Any idea that after a Yes vote Labour, let alone the smaller parties of the left, will be in a position to challenge a triumphant SNP's political dominance or its policies, including whatever it has up its sleeve in the very likely event that all is not plain sailing, is a complete delusion. The SNP would rule the roost for a generation. Its first decade at least would be dominated by acrimonious disputes with the remaining UK over divvying up the assets, with all the love and forebearance you'd expect in a messy divorce combined with a family fall-out over an inheritance. All this national bickering and bourgeois beancounting is not going to make politics on either side more progressive by any measure. To expect, as Irvine Welsh did the other day, that people in the remaining UK would respond to Scottish independence by moving towards a more generous, a deeper and more radical democracy is another delusion. A carnival of reaction north and south is more likely.

How are artists likely to fare under such a government? Well, if you look forward to being dependent on the goodwill of a nationalist cultural apparatus in a small country where everybody knows everybody and memories are long, an SNP hegemony might be just the thing. If you relish the relentless polarization of every last issue of culture and society and nature and beauty along the axis of the national question, go for it. And if the pro-independence artists and creatives protest, as my friends here surely will, that this is not what they want at all, I would respectfully suggest that calling themselves National Collective and Bella Caledonia is not the way to reassure us. If you thrill to the vision of the future that these names evoke, knock yourself out.

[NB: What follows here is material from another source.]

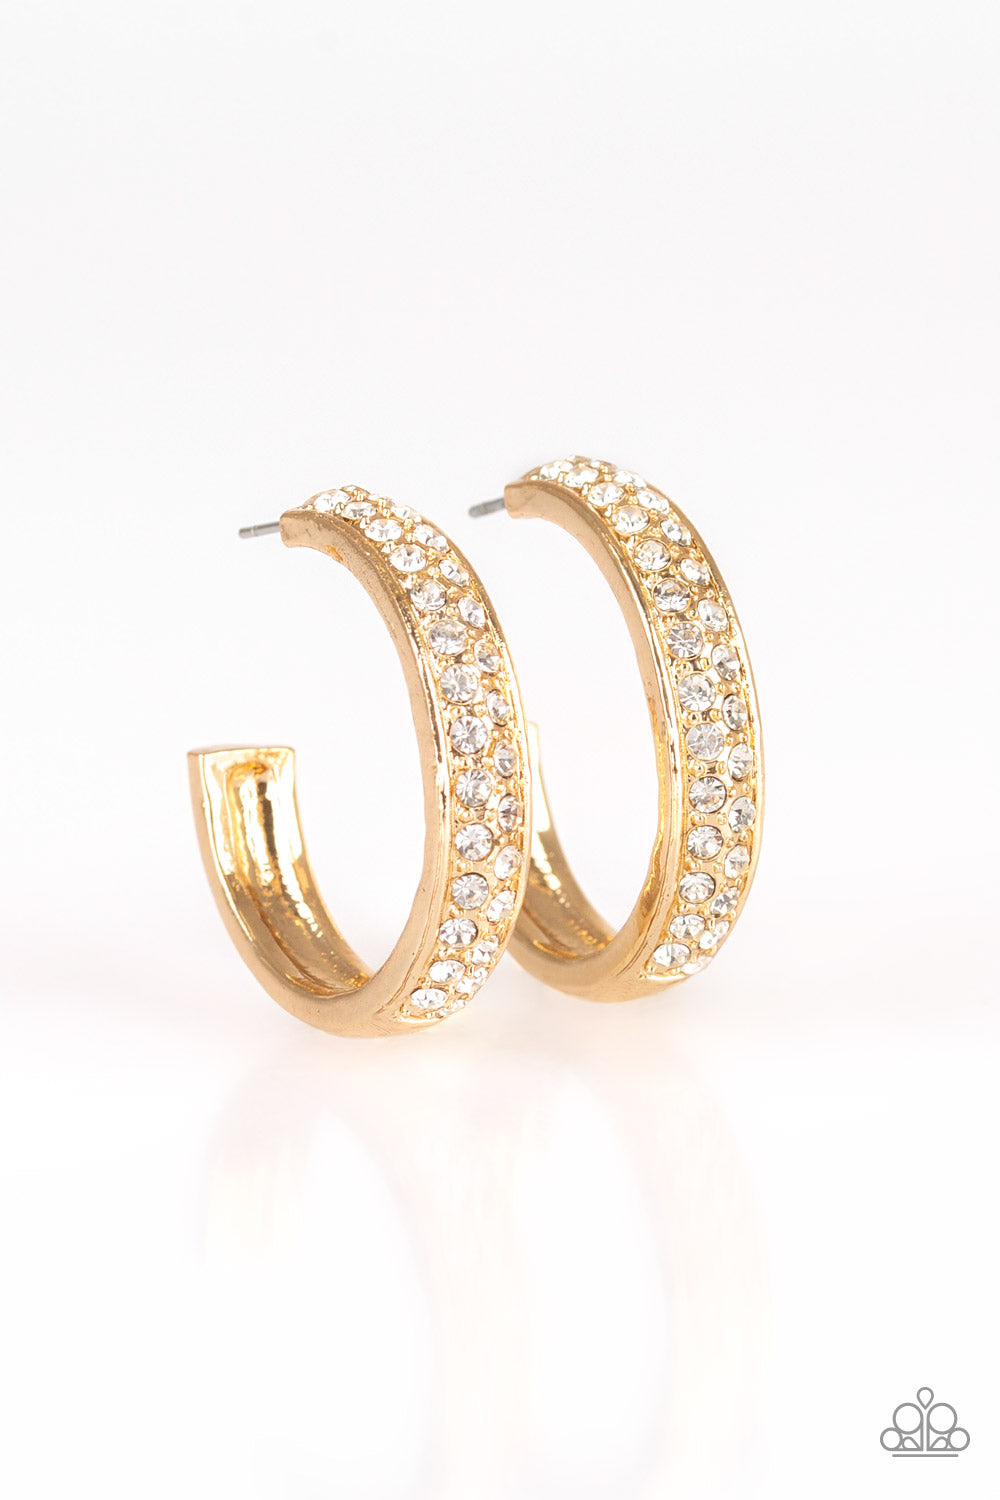 Cash Flow Earrings__Gold

But I think most artists would prefer to keep their independence. I'm voting No.

7 Comments:

I've been trying to translate "Bella Caledonia" into English. The nearest I can get is "Wars by, with or from Scotland", or just possibly "Wars, O Scotland". But I'm not quite sure that that's what those who named it intended to convey.

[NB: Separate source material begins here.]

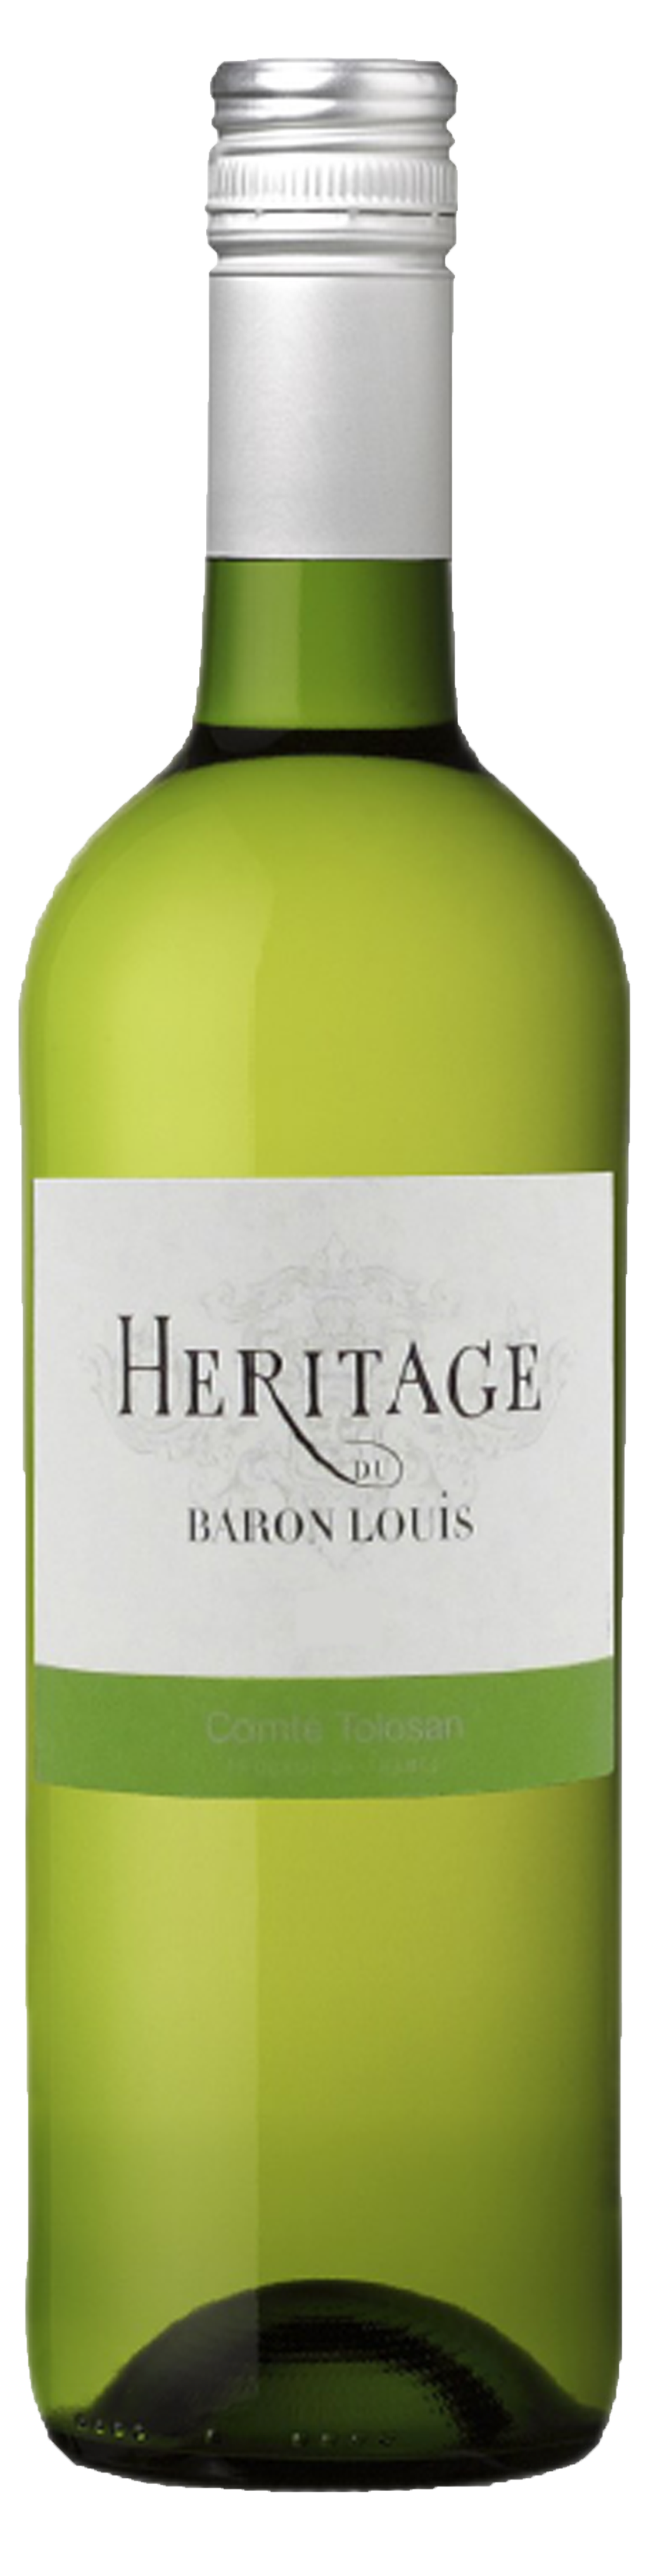 Bottle shot of 2013 Héritage de Baron Louis Blanc

Fun though twitting them may be, the name Bella Caledonia obviously means 'Beautiful Scotland' and is taken from a character in Alastair Gray's novel Poor Things - hence the lassie in the logo.

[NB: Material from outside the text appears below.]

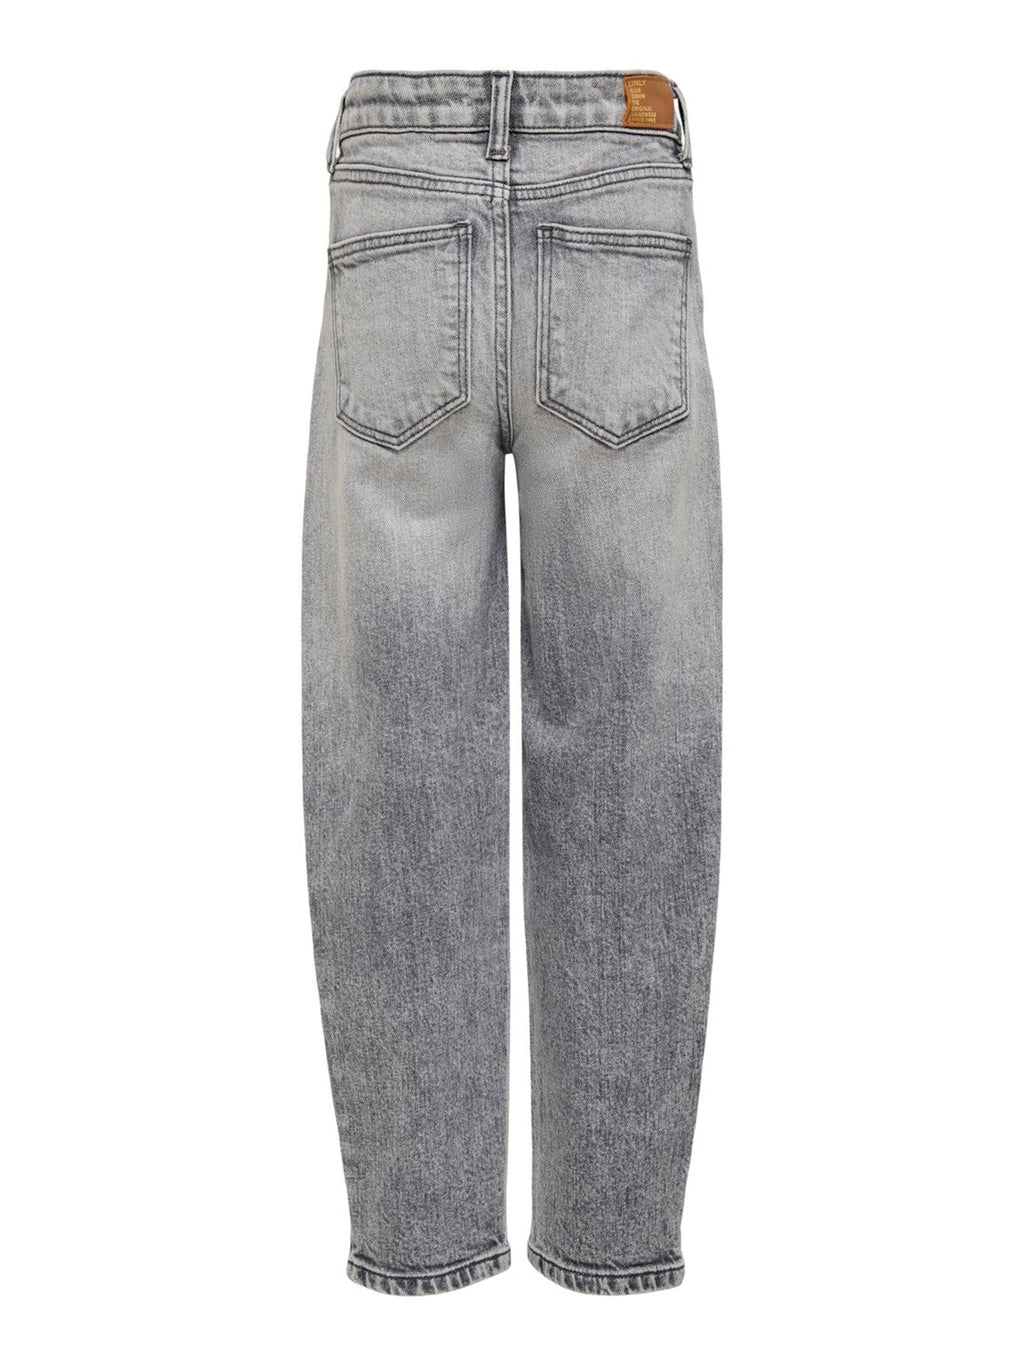 „Lucca Life Jeans“ - šviesiai pilkas džinsinis audinys

The resulting debt and deficit is used as an excuse to cut services to those who need them most. This is the case in just about every country, whatever its political system.

You may have given up the fight, but those of us who are voting Yes are attempting to keep driving the wedge into that "just about".

How is that supposed to work?

One of the best arguments I've read for a long while.

So you accept the lurch to the right all Westminster parties pander to in the scrabble for votes and that in Scotland our votes will make no difference for generations to come. You accept that the welfare state will be dismantled and the poor will be made to suffer. You accept that nuclear wepons are more important than a just society. I am sorry that you feel that the mechanics of separation will be too difficult for you and that the reason you are voting no is that you dislike the SNP (because of some forecast of future artistic control). Some of us can see past narrow nationalism to a better future. If you are expecting a socialist revolution to bring change then I think you will wait a very long time. Well done, you have really thought this through.

If I 'accept' all these things (I don't, of course) then so must the Communist Party/Morning Star, which argues against Scottish independence for much the same reasons as I do.

My objection about the mechanics of separation isn't that they are 'too difficult' but that they are likely to be - guess what - divisive.

I don't particularly dislike the SNP. What I dislike is a section of the Scottish left that has subordinated itself to the SNP and promotes illusions in independence.